From: "Klein, Gerwin (Data61, Kensington NSW)" <Gerwin.Klein@data61.csiro.au>
Given the increased demand for working at home, I thought I’d check if I’m still current with the state of the art on making use of fast machines at work when you are on a smaller machine at home.
Is it still correct that VNC/rdesktop is the best method to work remotely with an Isabelle session? (assuming a fast connection).
Looking back a few years in the archives, there were some discussions about potentially running the PIDE protocol for jEdit or VSCode remotely between two machines, but I don’t think we got to that point yet. Is this correct?
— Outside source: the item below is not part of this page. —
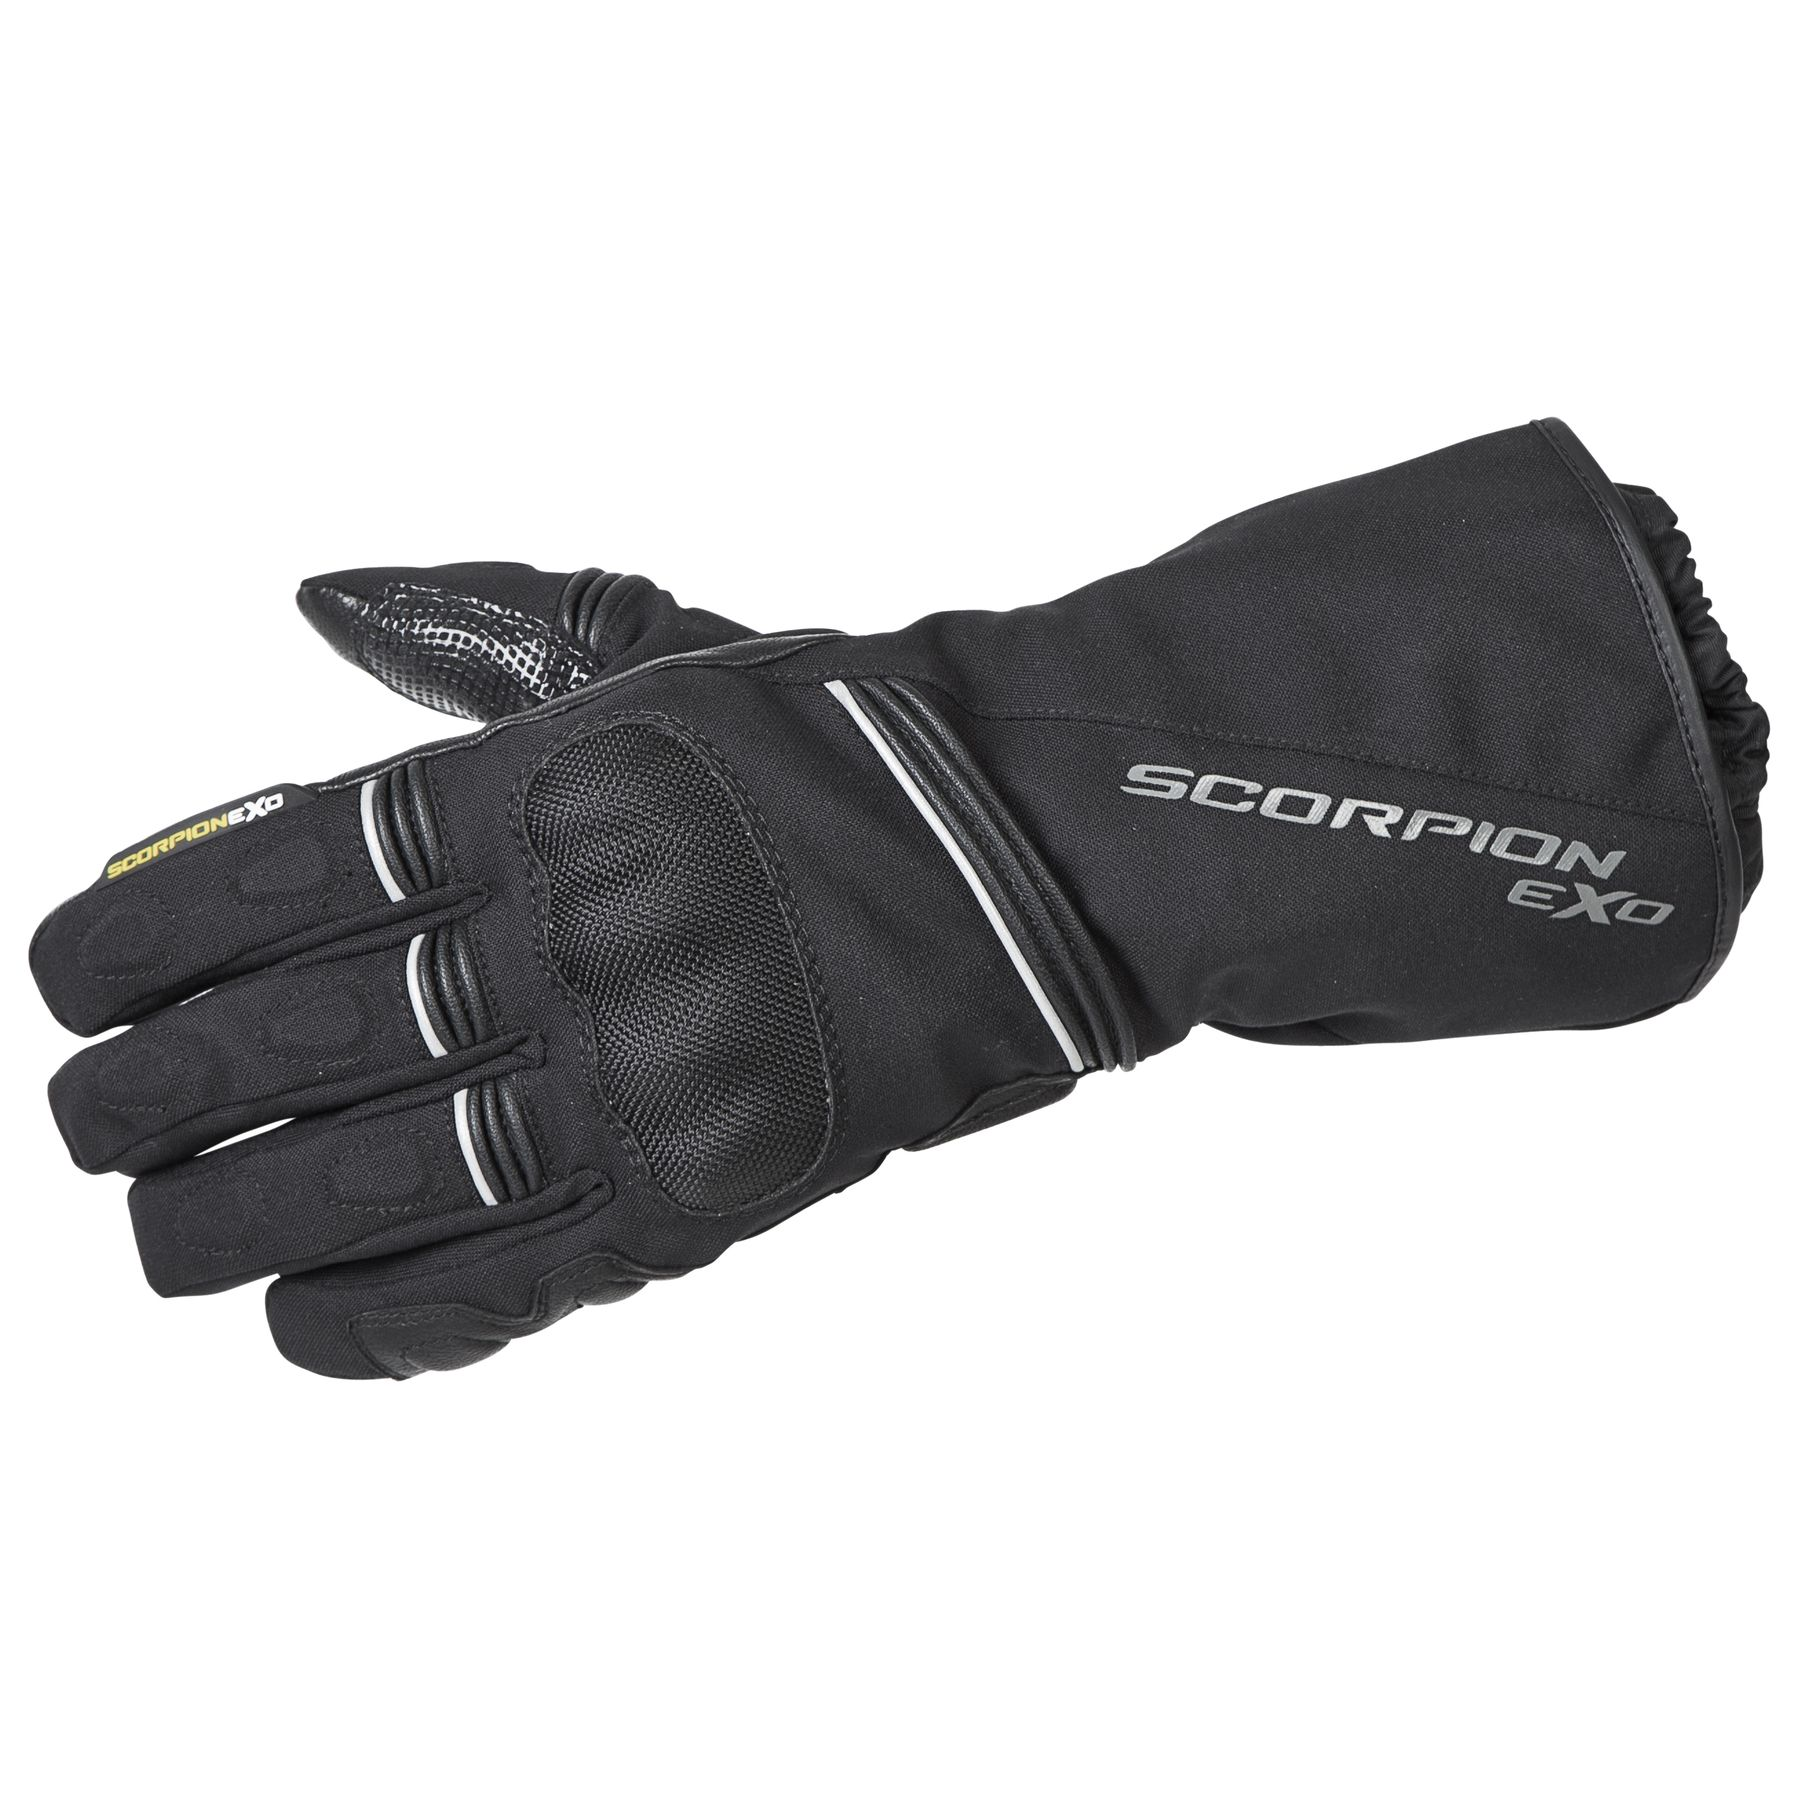 Scorpion Tempest Gloves
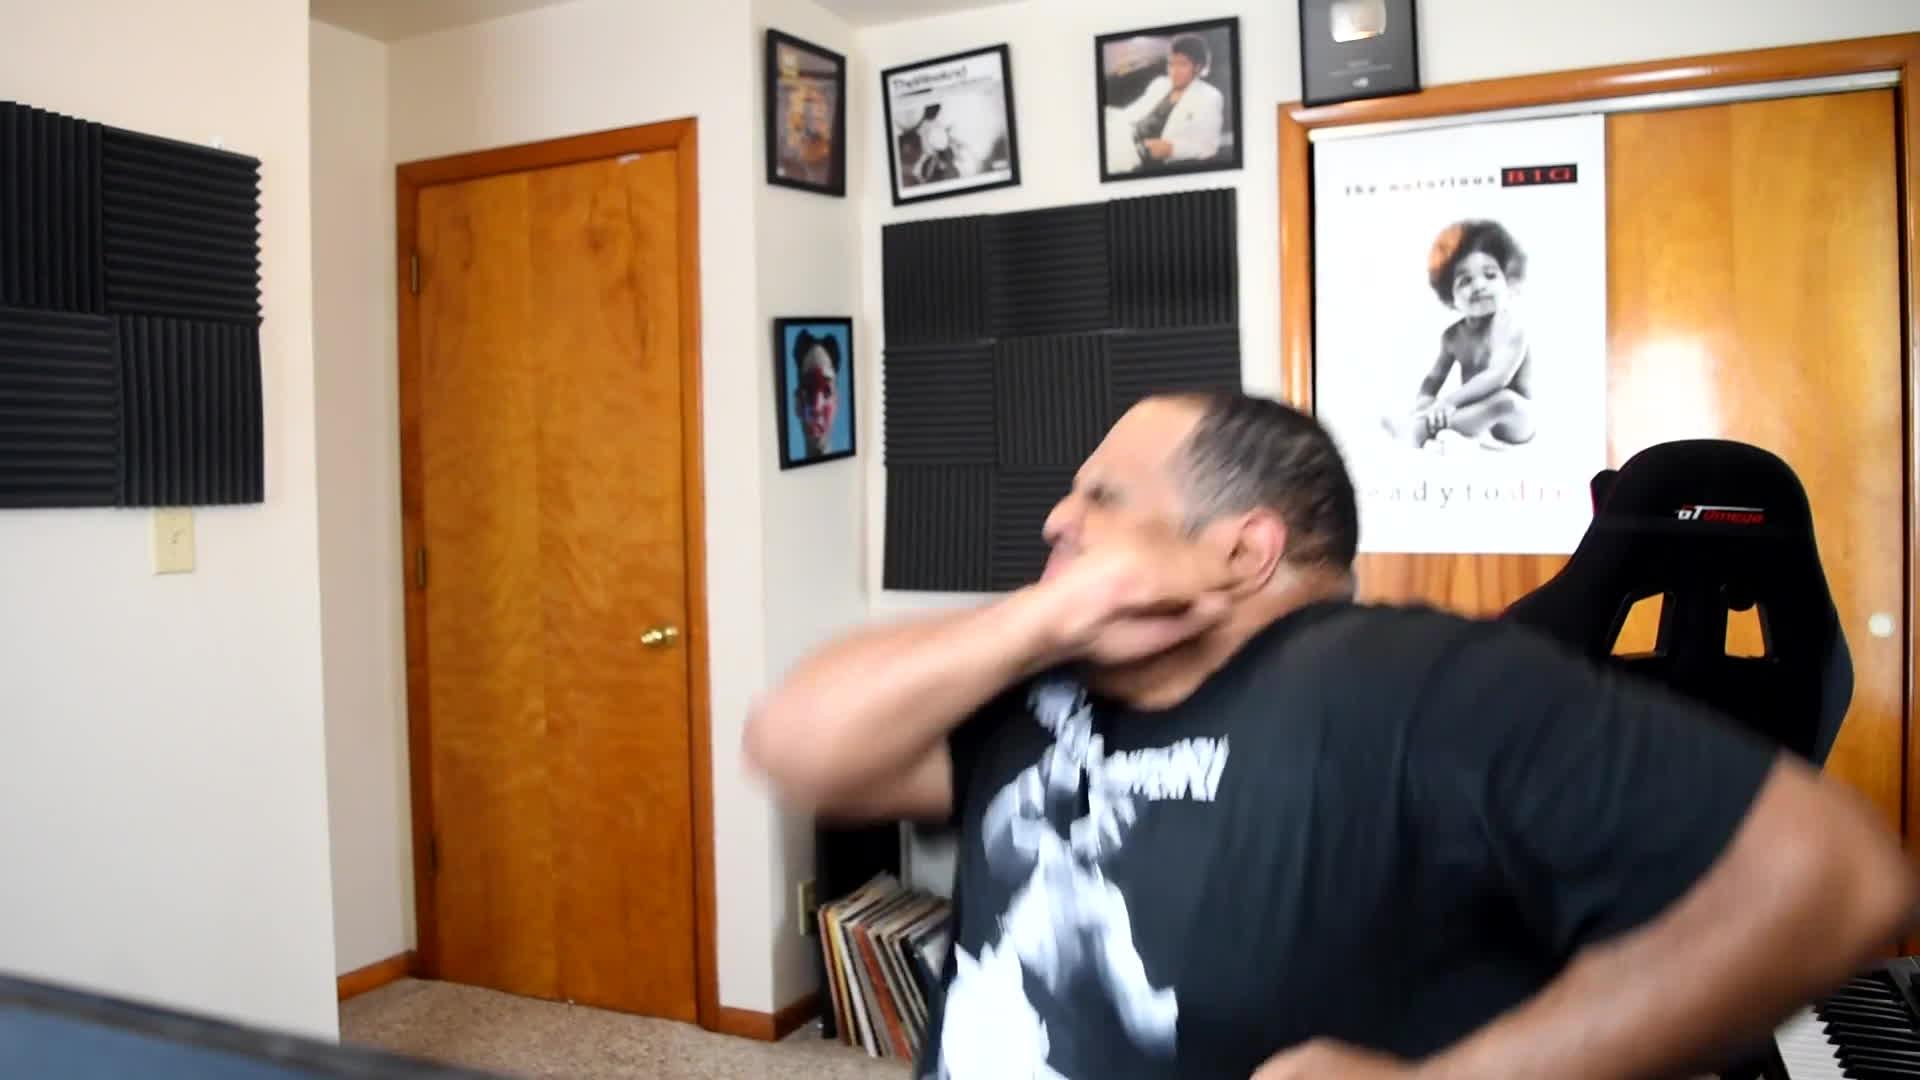 hiphopheads, DAMN First Reaction GIFs

I also remember hearing about the isabelle remote_build tool. Any experiences with that one?
Any other creative solutions that people have come up with?
Cheers,
Gerwin
From: buday.gergely@uni-eszterhazy.hu
I used Isabelle/JEdit remotely through X recently. It was between two campuses
in two cities, not sure if it would work via a broadband personal connection.
Somebody stated that X is oldschool but it did the trick.
From: Makarius <makarius@sketis.net>
There is still a lot of work ahead to get it eventually. We have already
"isabelle server", but it still needs a wrapper for SSH and some support to
make it stay resident like the good old "GNU screen" tool.
On top of that one could imagine some "isabelle remote_build" tool that
interacts with remotely running builds: automatically synchronizing sources,
replacing changed jobs that are still running, but retaining unrelated jobs.
All that should be integrated into Isabelle/jEdit, which runs locally as
before. Download of resulting images could be an optional add-on.
Note that VScode is not really on the critical path: for my taste it is moving
a bit too fast in no particular direction. Instead of using VSCode directly,
my current attitude is to re-implement some of its best ideas in Isabelle/jEdit.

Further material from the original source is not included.